Addition of an acetyl group has a major chemical effect on lysine as it neutralises the positive charge. This reduces electrostatic attraction between the histone and the negatively charged DNA backbone, loosening the chromatin structure; highly acetylated histones form more accessible chromatin and tend to be associated with active transcription. Lysine acetylation appears to be less precise in meaning than methylation, in that histone acetyltransferases tend to act on more than one lysine; presumably this reflects the need to alter multiple lysines to have a significant effect on chromatin structure. The modification includes H3K27ac.

==== Serine/threonine/tyrosine phosphorylation ====

Addition of a negatively charged phosphate group can lead to major changes in protein structure, leading to the well-characterised role of phosphorylation in controlling protein function. It is not clear what structural implications histone phosphorylation has, but histone phosphorylation has clear functions as a post-translational modification, and binding domains such as BRCT have been characterised.

=== Effects on transcription ===
Histone modifications are involved in control of transcription.
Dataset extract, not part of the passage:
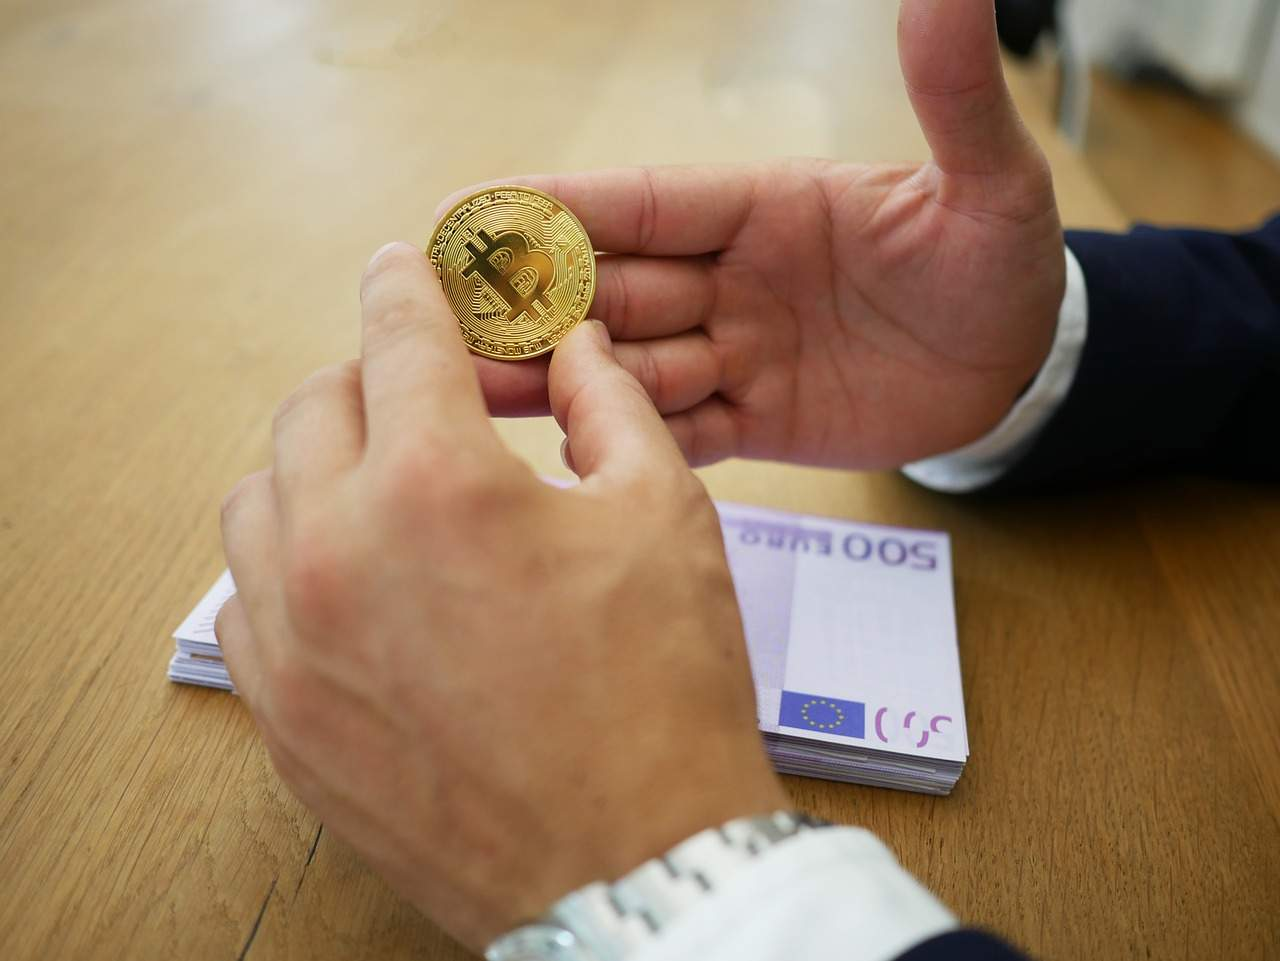 Spiegelt Bitcoin Gold-Fraktal aus den 70er-Jahren wider?

==== Actively transcribed genes ====

Two histone modifications are particularly associated with active transcription:
- Trimethylation of H3 lysine 4 (H3K4me3)
  This trimethylation occurs at the promoter of active genes and is performed by the COMPASS complex. Despite the conservation of this complex and histone modification from yeast to mammals, it is not entirely clear what role this modification plays. However, it is an excellent mark of active promoters and the level of this histone modification at a gene's promoter is broadly correlated with transcriptional activity of the gene. The formation of this mark is tied to transcription in a rather convoluted manner: early in transcription of a gene, RNA polymerase II undergoes a switch from initiating' to 'elongating', marked by a change in the phosphorylation states of the RNA polymerase II C terminal domain (CTD). The same enzyme that phosphorylates the CTD also phosphorylates the Rad6 complex, which in turn adds a ubiquitin mark to H2B K123 (K120 in mammals). H2BK123Ub occurs throughout transcribed regions, but this mark is required for COMPASS to trimethylate H3K4 at promoters.
- Trimethylation of H3 lysine 36 (H3K36me3)
  This trimethylation occurs in the body of active genes and is deposited by the methyltransferase Set2. This protein associates with elongating RNA polymerase II, and H3K36Me3 is indicative of actively transcribed genes. H3K36Me3 is recognised by the Rpd3 histone deacetylase complex, which removes acetyl modifications from surrounding histones, increasing chromatin compaction and repressing spurious transcription. Increased chromatin compaction prevents transcription factors from accessing DNA, and reduces the likelihood of new transcription events being initiated within the body of the gene. This process therefore helps ensure that transcription is not interrupted.

==== Repressed genes ====

Three histone modifications are particularly associated with repressed genes:
- Trimethylation of H3 lysine 27 (H3K27me3)
  This histone modification is deposited by the polycomb complex PRC2. It is a clear marker of gene repression, and is likely bound by other proteins to exert a repressive function. Another polycomb complex, PRC1, can bind H3K27me3 and adds the histone modification H2AK119Ub which aids chromatin compaction. Based on this data it appears that PRC1 is recruited through the action of PRC2, however, recent studies show that PRC1 is recruited to the same sites in the absence of PRC2.
- Di and tri-methylation of H3 lysine 9 (H3K9me2/3)
  H3K9me2/3 is a well-characterised marker for heterochromatin, and is therefore strongly associated with gene repression. The formation of heterochromatin has been best studied in the yeast Schizosaccharomyces pombe, where it is initiated by recruitment of the RNA-induced transcriptional silencing (RITS) complex to double stranded RNAs produced from centromeric repeats. RITS recruits the Clr4 histone methyltransferase which deposits H3K9me2/3. This process is called histone methylation. H3K9Me2/3 serves as a binding site for the recruitment of Swi6 (heterochromatin protein 1 or HP1, another classic heterochromatin marker) which in turn recruits further repressive activities including histone modifiers such as histone deacetylases and histone methyltransferases.
- Trimethylation of H4 lysine 20 (H4K20me3)
  This modification is tightly associated with heterochromatin, although its functional importance remains unclear. This mark is placed by the Suv4-20h methyltransferase, which is at least in part recruited by heterochromatin protein 1.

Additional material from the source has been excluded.